Jane EP, Premkumar DR, Pollack IF. Bortezomib sensitizes malignant human glioma cells to TRAIL, mediated by inhibition of the NF-{kappa}B signaling pathway. Mol Cancer Ther 10(1):198-208, 2011.

A complete list of Dr. Premkumar's publications can be reviewed through the National Library of Medicine's publication database.

Research Activities

Gliomas are the most common primary tumors in adult central nervous system. Malignant glioblastoma is characterized by rapid cell proliferation, high invasion and genetic alterations. Despite advances in all these treatment modalities with aggressive surgical resection combined with irradiation and chemotherapy, the median survival remains poor. During malignant transformation, several genetic alterations are involved in glioma oncogenesis, including inactivation of tumor suppressor genes such as p16, Rb, p53 and PTEN, and amplification and overexpression of the CDK4 and EGFR genes. Avoiding apoptosis is integral to tumor development and resistance to therapy.  The main goal of researchers is to elucidate links that exist between survival signaling and cell cycle regulatory pathways, and to exploit this information to develop novel therapeutic approaches to the treatment of glioblastoma. 
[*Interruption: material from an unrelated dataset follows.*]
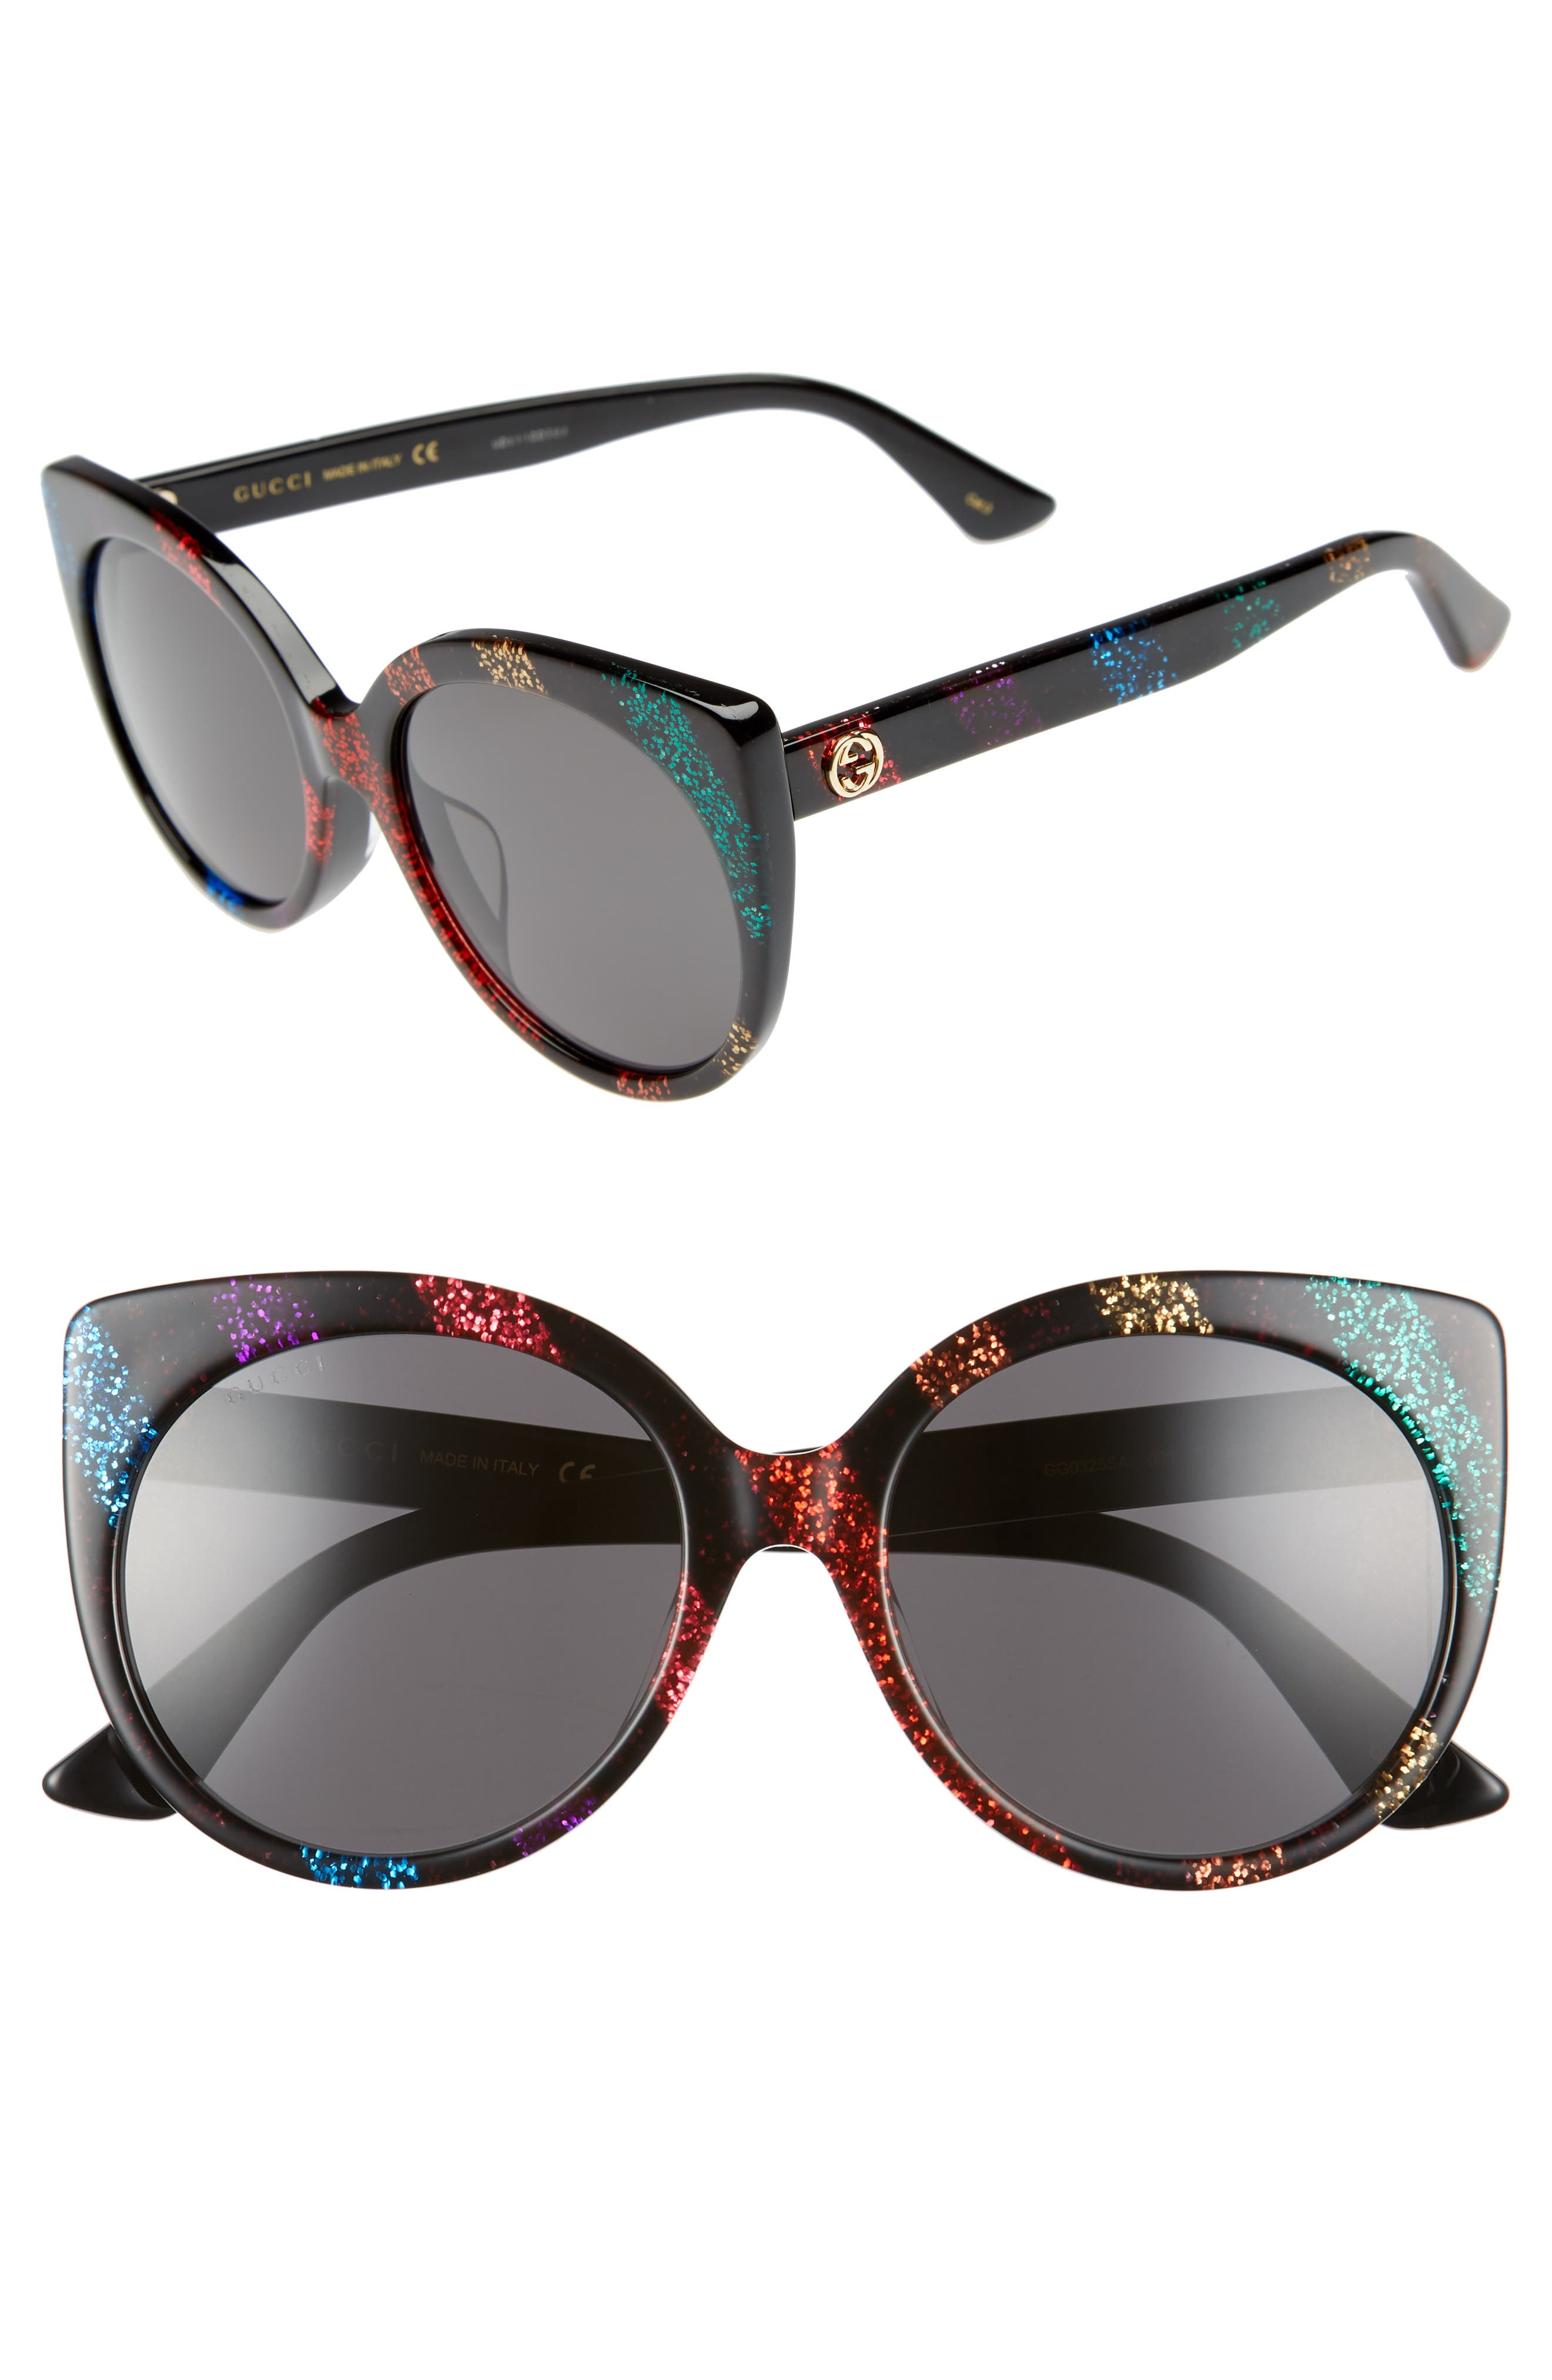 57mm Cat Eye Sunglasses,                         Main,                         color, 010

During the cell division cycle, mitotic entry, spindle assembly, chromosome segregation and cytokinesis must all be carefully coordinated to ensure that the two daughter cells inherit all the genetic material required for further growth and development. When this process is disrupted, it can lead to cancer. Central to this coordination are several prominent protein kinases. A major area of interest to this group involves mechanistically understanding the regulatory function of Aurora kinases and cyclin dependent kinases (CDKs) in cell cycle regulation and how deregulation contributes to carcinogenesis. In another project, we explore the factors that regulate inactivation of the NF-κB pathway by proteasomal inhibitor, bortezomib in malignant human glioma cells and determining the mechanisms by which interruption of this process may lead to enhanced cell killing. Recently, it has been shown that interference of this pathway—genetically or pharmacologically—dramatically increases TRAIL and HDAC inhibitor-mediated apoptosis. In another project, the potential benefit of combining the CDK inhibitor dinaciclib with the Bcl-2/Bcl-xL antagonist ABT-737 has been demonstrated, and the advantages of simultaneously targeting both survival pathways in patients with glioma has been highlighted.